* **Source data**

────────

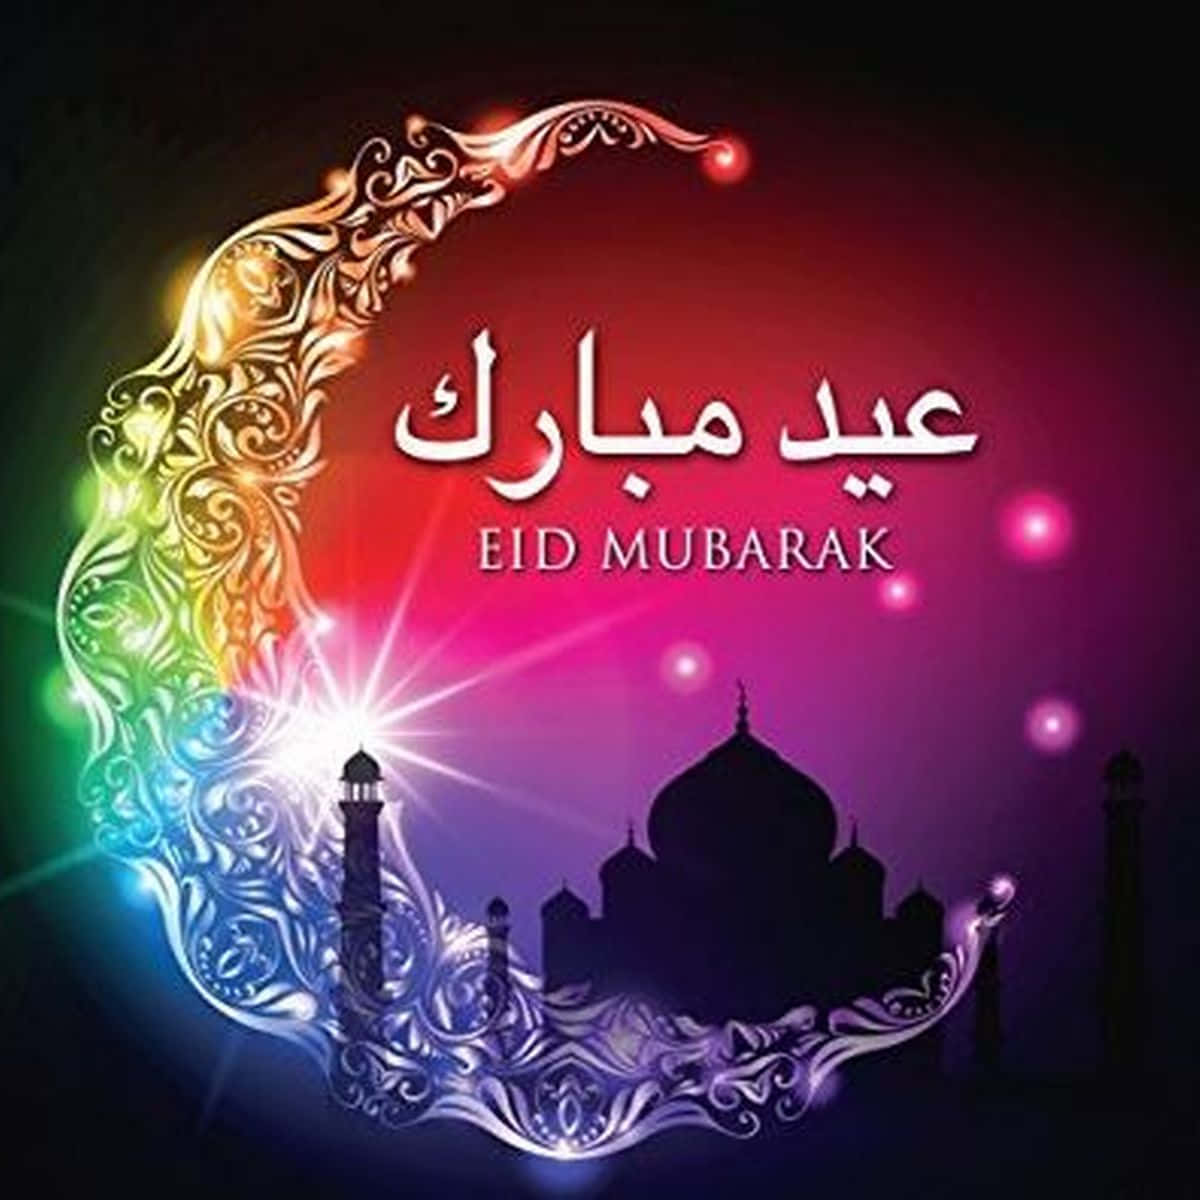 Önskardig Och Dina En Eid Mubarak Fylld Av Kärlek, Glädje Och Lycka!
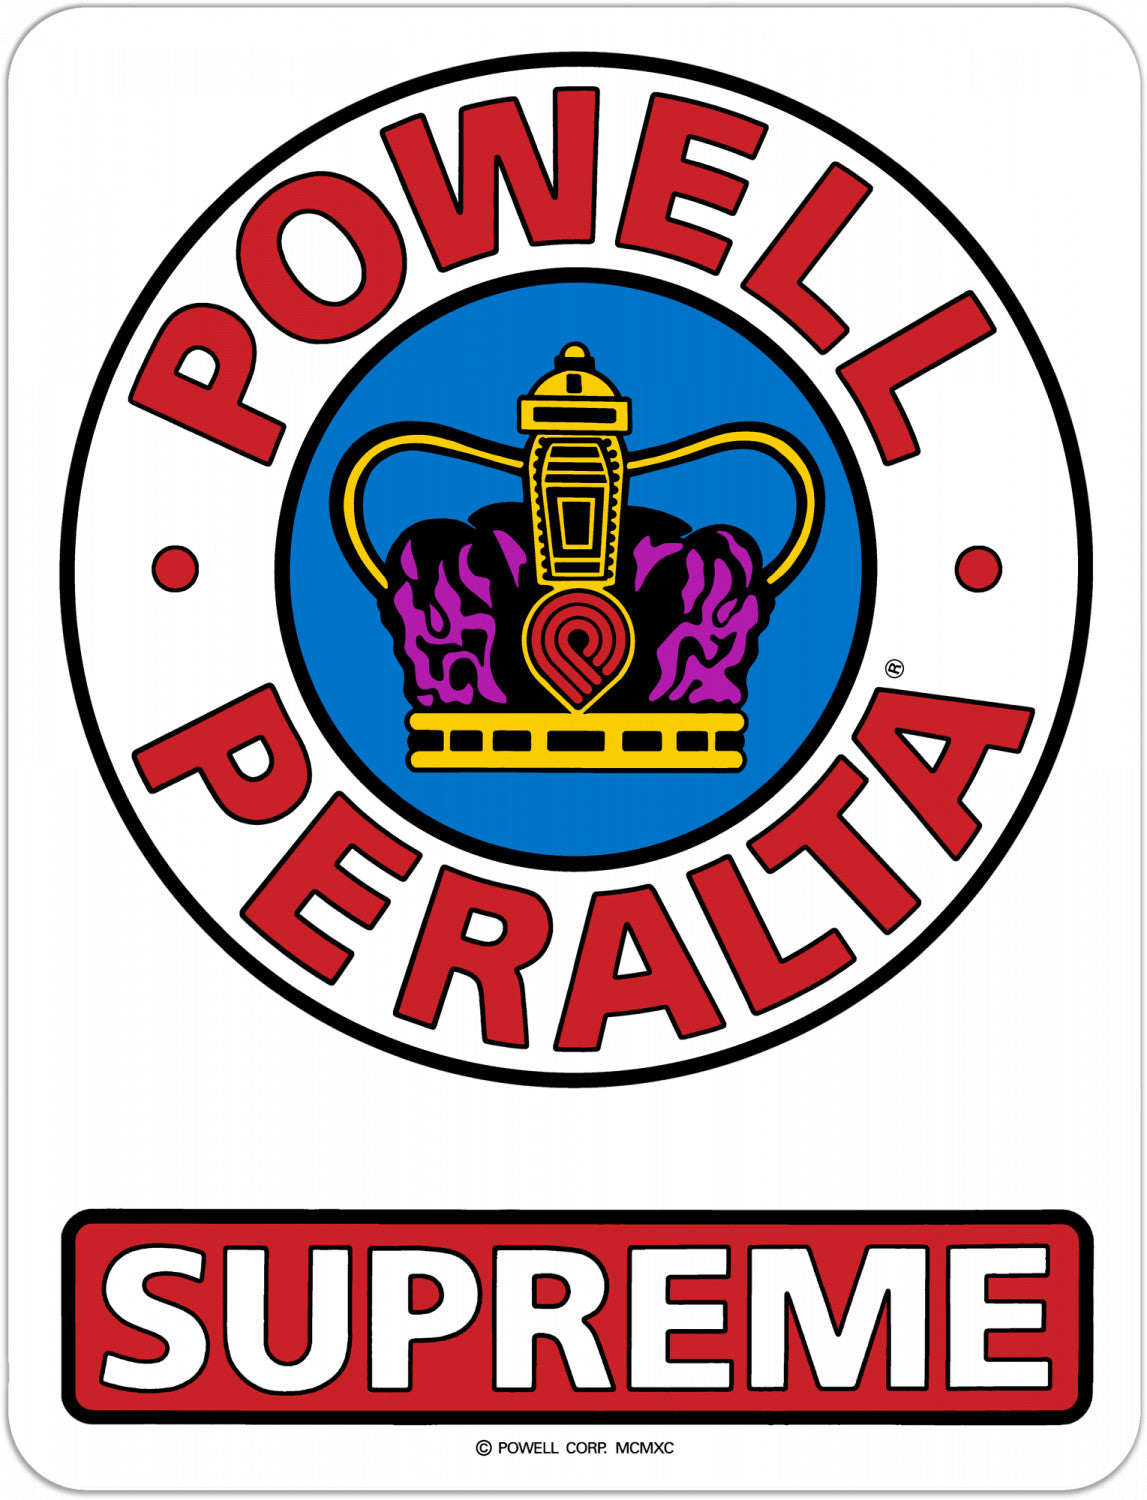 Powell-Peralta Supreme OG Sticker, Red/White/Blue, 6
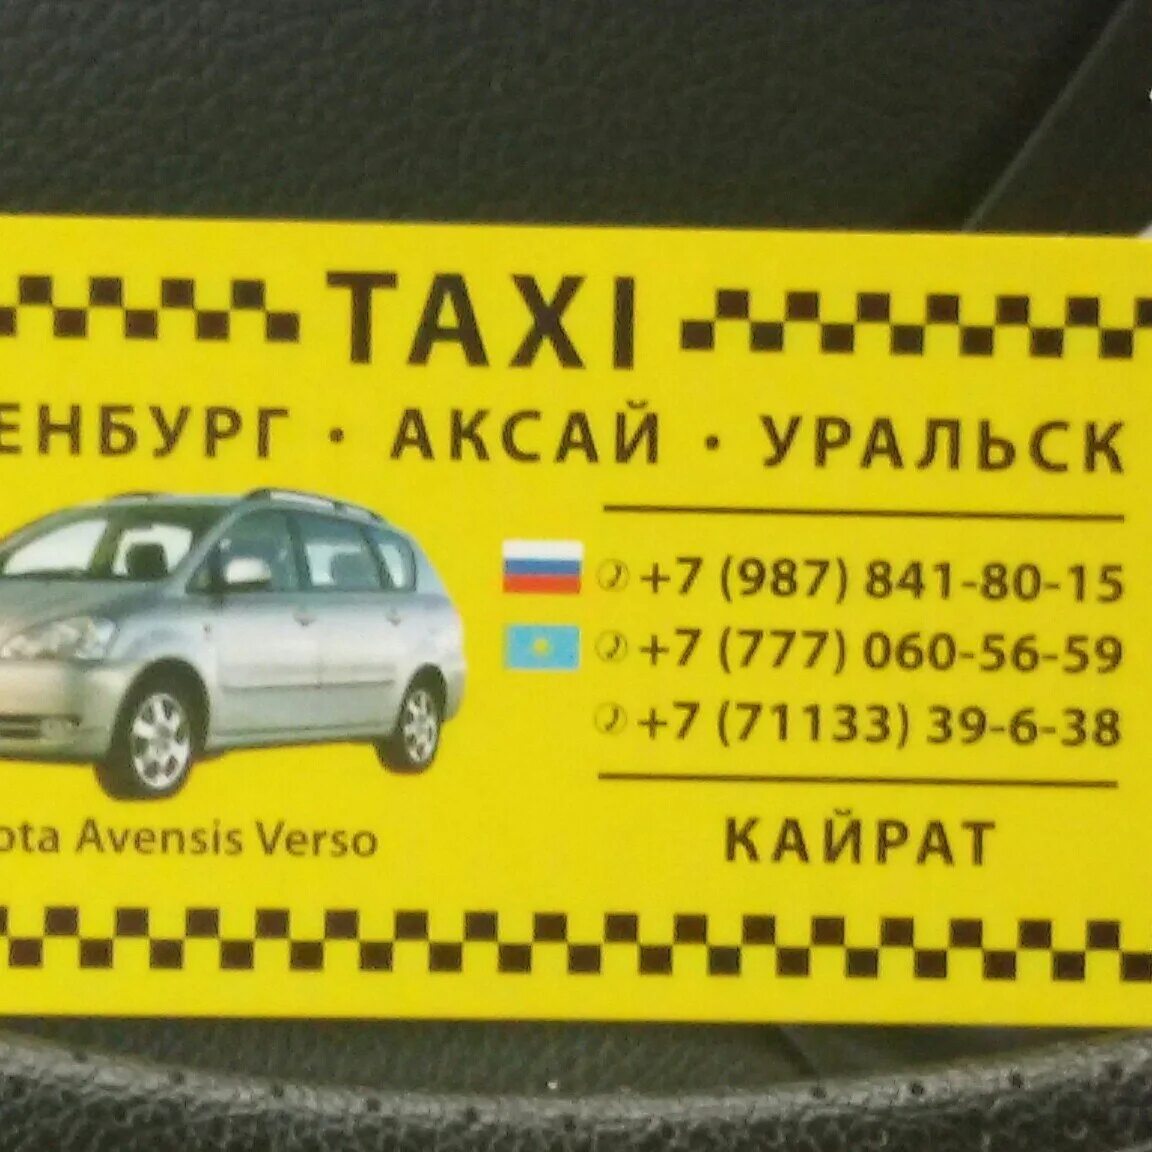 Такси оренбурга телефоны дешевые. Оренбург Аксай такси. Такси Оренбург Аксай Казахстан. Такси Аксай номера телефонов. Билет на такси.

────────

Print the material in full and exactly, minus the pictures.

 Önskardig Och Dina En Eid Mubarak Fylld Av Kärlek, Glädje Och Lycka!
 Powell-Peralta Supreme OG Sticker, Red/White/Blue, 6
 Такси оренбурга телефоны дешевые. Оренбург Аксай такси. Такси Оренбург Аксай Казахстан. Такси Аксай номера телефонов. Билет на такси.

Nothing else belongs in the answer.